** What you should do **
Word for word, restate all of the data shown below.

** Stored dataset items **
◇ ◇ ◇ ◇
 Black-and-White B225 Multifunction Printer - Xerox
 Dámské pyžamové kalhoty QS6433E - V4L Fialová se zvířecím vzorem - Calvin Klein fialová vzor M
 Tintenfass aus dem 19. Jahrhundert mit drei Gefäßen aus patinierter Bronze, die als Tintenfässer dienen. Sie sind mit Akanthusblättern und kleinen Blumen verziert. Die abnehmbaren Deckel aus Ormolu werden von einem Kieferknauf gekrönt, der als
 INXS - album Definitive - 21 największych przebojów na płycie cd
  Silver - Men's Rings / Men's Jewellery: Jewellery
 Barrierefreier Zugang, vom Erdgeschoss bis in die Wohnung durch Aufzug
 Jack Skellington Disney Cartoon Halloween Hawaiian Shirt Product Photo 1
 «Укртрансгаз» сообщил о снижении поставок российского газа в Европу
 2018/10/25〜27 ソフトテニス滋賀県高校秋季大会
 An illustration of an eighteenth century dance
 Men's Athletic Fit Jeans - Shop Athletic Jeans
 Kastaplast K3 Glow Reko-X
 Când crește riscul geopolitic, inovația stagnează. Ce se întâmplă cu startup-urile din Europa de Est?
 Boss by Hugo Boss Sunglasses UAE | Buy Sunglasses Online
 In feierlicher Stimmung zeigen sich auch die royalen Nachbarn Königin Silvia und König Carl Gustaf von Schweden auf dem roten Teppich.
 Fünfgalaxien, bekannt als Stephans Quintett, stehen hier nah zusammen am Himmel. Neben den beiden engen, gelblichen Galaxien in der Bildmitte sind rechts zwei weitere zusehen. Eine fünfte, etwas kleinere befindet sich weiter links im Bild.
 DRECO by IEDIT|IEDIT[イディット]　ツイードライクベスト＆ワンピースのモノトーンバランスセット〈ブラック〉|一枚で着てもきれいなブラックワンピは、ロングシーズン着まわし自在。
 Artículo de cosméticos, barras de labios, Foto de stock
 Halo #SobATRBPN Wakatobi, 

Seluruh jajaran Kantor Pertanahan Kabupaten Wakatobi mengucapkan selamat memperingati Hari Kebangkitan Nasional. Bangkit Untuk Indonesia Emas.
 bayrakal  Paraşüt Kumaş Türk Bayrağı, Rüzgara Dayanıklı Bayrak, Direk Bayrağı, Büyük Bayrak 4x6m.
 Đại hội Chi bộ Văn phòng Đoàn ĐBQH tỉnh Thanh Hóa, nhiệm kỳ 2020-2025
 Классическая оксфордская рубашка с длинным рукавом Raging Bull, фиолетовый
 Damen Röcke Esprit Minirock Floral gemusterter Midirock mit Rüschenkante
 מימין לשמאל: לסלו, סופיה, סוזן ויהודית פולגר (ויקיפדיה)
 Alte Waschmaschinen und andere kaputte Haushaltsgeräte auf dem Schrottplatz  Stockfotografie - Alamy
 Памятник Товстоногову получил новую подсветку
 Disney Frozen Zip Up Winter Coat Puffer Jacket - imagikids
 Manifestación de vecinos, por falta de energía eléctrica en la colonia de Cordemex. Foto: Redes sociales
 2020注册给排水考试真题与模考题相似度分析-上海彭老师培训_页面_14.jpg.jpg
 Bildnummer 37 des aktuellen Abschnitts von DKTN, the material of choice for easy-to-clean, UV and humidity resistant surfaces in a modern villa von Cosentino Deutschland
◇ ◇ ◇ ◇
** Response to the exercise **
 Black-and-White B225 Multifunction Printer - Xerox
 Dámské pyžamové kalhoty QS6433E - V4L Fialová se zvířecím vzorem - Calvin Klein fialová vzor M
 Tintenfass aus dem 19. Jahrhundert mit drei Gefäßen aus patinierter Bronze, die als Tintenfässer dienen. Sie sind mit Akanthusblättern und kleinen Blumen verziert. Die abnehmbaren Deckel aus Ormolu werden von einem Kieferknauf gekrönt, der als
 INXS - album Definitive - 21 największych przebojów na płycie cd
  Silver - Men's Rings / Men's Jewellery: Jewellery
 Barrierefreier Zugang, vom Erdgeschoss bis in die Wohnung durch Aufzug
 Jack Skellington Disney Cartoon Halloween Hawaiian Shirt Product Photo 1
 «Укртрансгаз» сообщил о снижении поставок российского газа в Европу
 2018/10/25〜27 ソフトテニス滋賀県高校秋季大会
 An illustration of an eighteenth century dance
 Men's Athletic Fit Jeans - Shop Athletic Jeans
 Kastaplast K3 Glow Reko-X
 Când crește riscul geopolitic, inovația stagnează. Ce se întâmplă cu startup-urile din Europa de Est?
 Boss by Hugo Boss Sunglasses UAE | Buy Sunglasses Online
 In feierlicher Stimmung zeigen sich auch die royalen Nachbarn Königin Silvia und König Carl Gustaf von Schweden auf dem roten Teppich.
 Fünfgalaxien, bekannt als Stephans Quintett, stehen hier nah zusammen am Himmel. Neben den beiden engen, gelblichen Galaxien in der Bildmitte sind rechts zwei weitere zusehen. Eine fünfte, etwas kleinere befindet sich weiter links im Bild.
 DRECO by IEDIT|IEDIT[イディット]　ツイードライクベスト＆ワンピースのモノトーンバランスセット〈ブラック〉|一枚で着てもきれいなブラックワンピは、ロングシーズン着まわし自在。
 Artículo de cosméticos, barras de labios, Foto de stock
 Halo #SobATRBPN Wakatobi, 

Seluruh jajaran Kantor Pertanahan Kabupaten Wakatobi mengucapkan selamat memperingati Hari Kebangkitan Nasional. Bangkit Untuk Indonesia Emas.
 bayrakal  Paraşüt Kumaş Türk Bayrağı, Rüzgara Dayanıklı Bayrak, Direk Bayrağı, Büyük Bayrak 4x6m.
 Đại hội Chi bộ Văn phòng Đoàn ĐBQH tỉnh Thanh Hóa, nhiệm kỳ 2020-2025
 Классическая оксфордская рубашка с длинным рукавом Raging Bull, фиолетовый
 Damen Röcke Esprit Minirock Floral gemusterter Midirock mit Rüschenkante
 מימין לשמאל: לסלו, סופיה, סוזן ויהודית פולגר (ויקיפדיה)
 Alte Waschmaschinen und andere kaputte Haushaltsgeräte auf dem Schrottplatz  Stockfotografie - Alamy
 Памятник Товстоногову получил новую подсветку
 Disney Frozen Zip Up Winter Coat Puffer Jacket - imagikids
 Manifestación de vecinos, por falta de energía eléctrica en la colonia de Cordemex. Foto: Redes sociales
 2020注册给排水考试真题与模考题相似度分析-上海彭老师培训_页面_14.jpg.jpg
 Bildnummer 37 des aktuellen Abschnitts von DKTN, the material of choice for easy-to-clean, UV and humidity resistant surfaces in a modern villa von Cosentino Deutschland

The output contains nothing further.